Quem vence, não se vangloria. Quem perde, não pragueja ou se julga injustiçado.
A postura de cada competidor é uma catequese comportamental.
Ao observador atento, um entretenimento com estofo educativo.
Os jurados são muito elegantes. Não humilham quem se sai mal e externam a alegria quando seguram uma peça magnífica.
Ouso pensar que isso tem muito a ver com o trabalho em si.
Se existe um DNA cultural, este realmente se faz presente no mundo dos ferreiros.
Desde os tempos antigos, ferreiros moldam sociedades.
Na Idade Média, os grandes cavaleiros dependiam dos ferreiros.
Suas espadas poderosas e suas armaduras reluzentes foram feitas por homens modestos, trabalhadores.
As crônicas e canções louvando os feitos heróicos dos cavaleiros foram escritas nas forjas dos ferreiros.
O ferreiro em silêncio, cercado de calor, malhando ferro incandescente, fatigando músculos e suando picas, ouvindo o repicar agressivo e monótono das marteladas, forjou heróis, ajudou a vencer batalhas, participou da história.
Talvez o mundo não lhe renda o devido tributo. Talvez seu valor seja subdimensionado. Talvez!

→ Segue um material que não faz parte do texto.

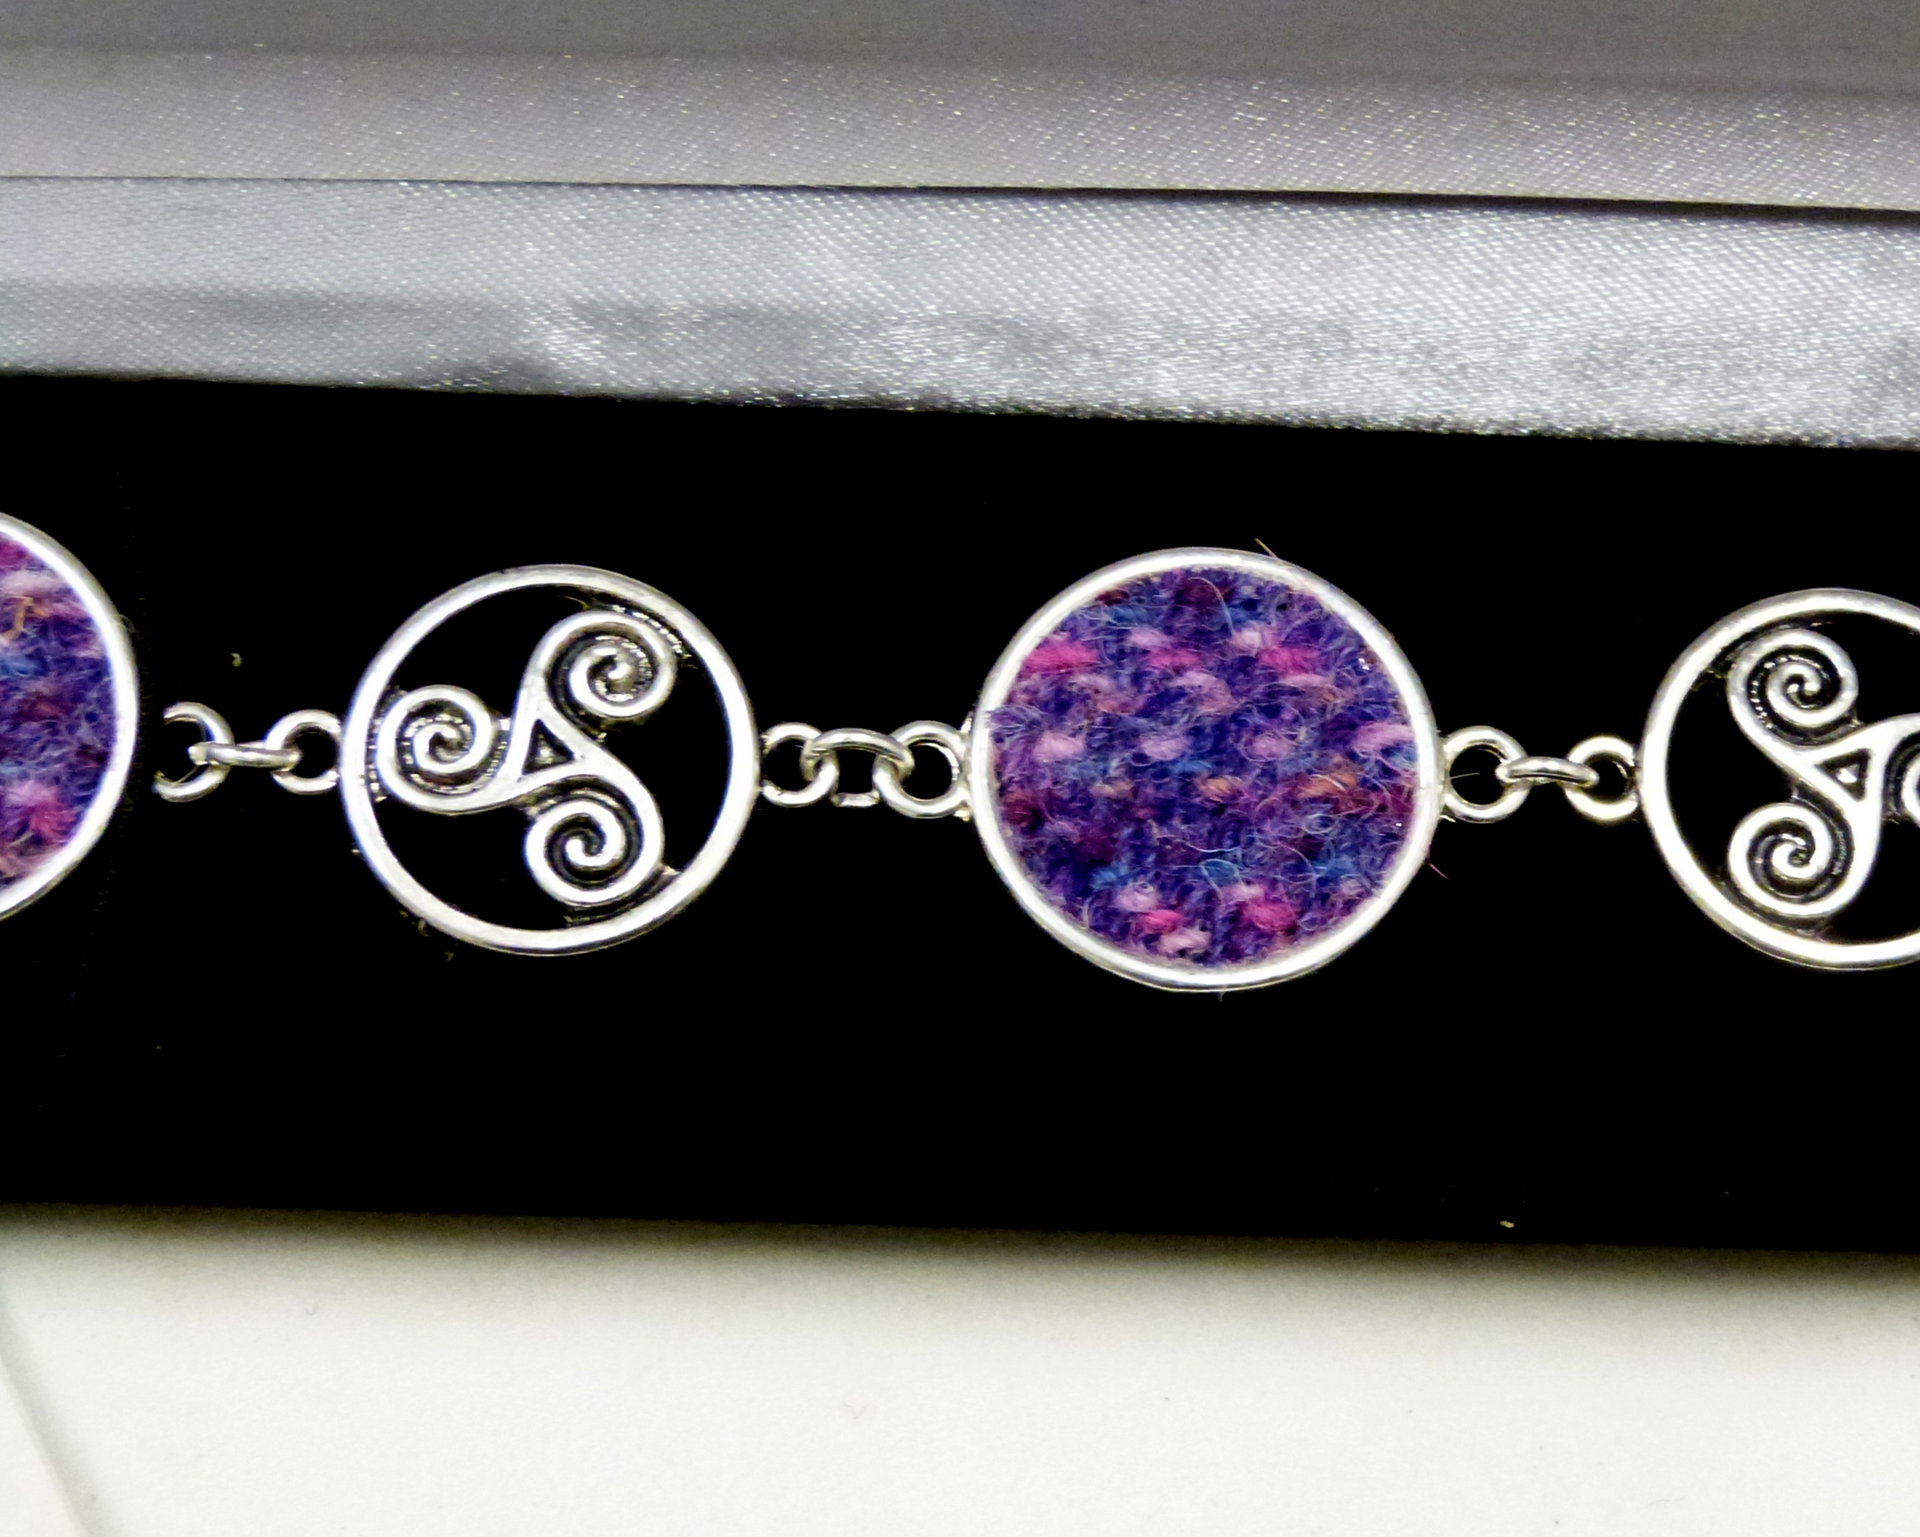 Purple / pink Harris Tweed bracelet with celtic triple spiral feature, triskeles , made in Scotland , Christmas or birthday gift womens or bridesmaid jewellery
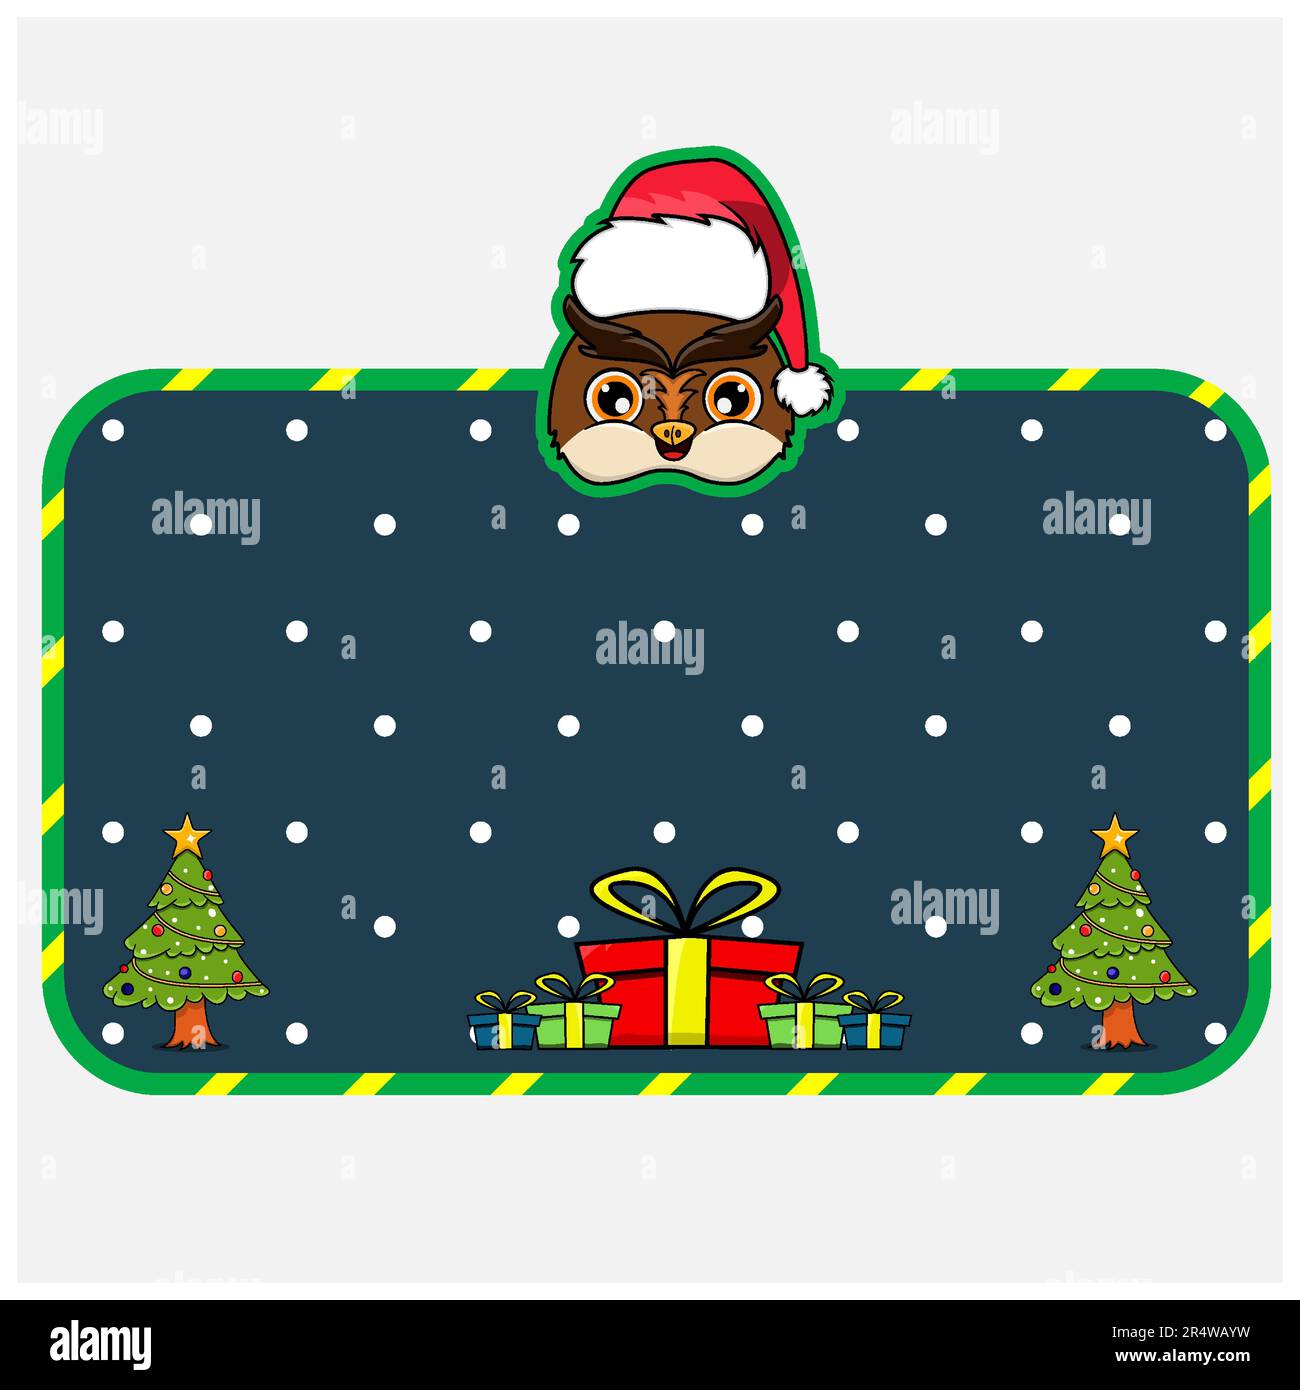 Christmas and New Year Greeting Card With Owl Character Design. Head Animal Wearing Christmas Hat. Vector And Illustration. Stock Vector

Sua importância, porém, é inegável.
Certa vez, em Florença, uma estátua chamou minha atenção. Um nobre portando uma espada com a inscrição: “não me empunhar sem valor”.
Excelente frase.
O valor de quem empunhou aquela espada começou a se formar na mão de quem a fez.
Uma espada temperada e bem forjada pode ou não ser empunhada por um homem de valor. De nada adianta, entretanto, ao homem de valor defender a justiça e a verdade se a espada empunhada quebrar ao primeiro entrechoque.
Uma bela metáfora para nossas vidas, não?
O ferreiro nos mostra aquilo que todo o mundo sabe, mas que acaba por esquecer muitas vezes: uns dependemos dos outros. E por isso temos que ser gratos, muito, aliás.
Nenhum homem é uma ilha, afirmou Thomas Merton. Certíssimo! Todo homem depende de outro e a grandeza de um se mede pela de outro, complementarmente.
Lembrar disso é importante não apenas para esvaziar o ego e combater a auto-idolatria: é importante para vivermos com profunda consideração aos que nos cercam.
A pedagogia do ferreiro é muito boa e em vários sentidos.
Trabalhos perfeitos feitos por homens que não se julgam brilhantes.
Esse jeito de ser é possivelmente o que o faz trabalhar bem e produzir peças de arte.
Não se trata de não reconhecer o próprio valor. Trata-se de saber exatamente quem se é e o que se pode fazer.
Trata-se de conhecer a si mesmo e não se apequenar nem se ensoberbecer.
Trata-se de viver de modo vigilante e equilibrado. Trata-se de viver imerso na forja e de martelar a si mesmo para a conquista da excelência.
Que Deus me permita lembrar disso sempre. Permita-me ser um advogado com coração de ferreiro. Um homem que trabalha de modo aparentemente rude, mas fabrica a sofisticação. Um homem elegante, sem sinais de afetamento.
Enfim, um homem que na bigorna deixa esmigalhados seus defeitos e expõe ao mundo o seu melhor. Um homem despido de penduricalhos desordenados.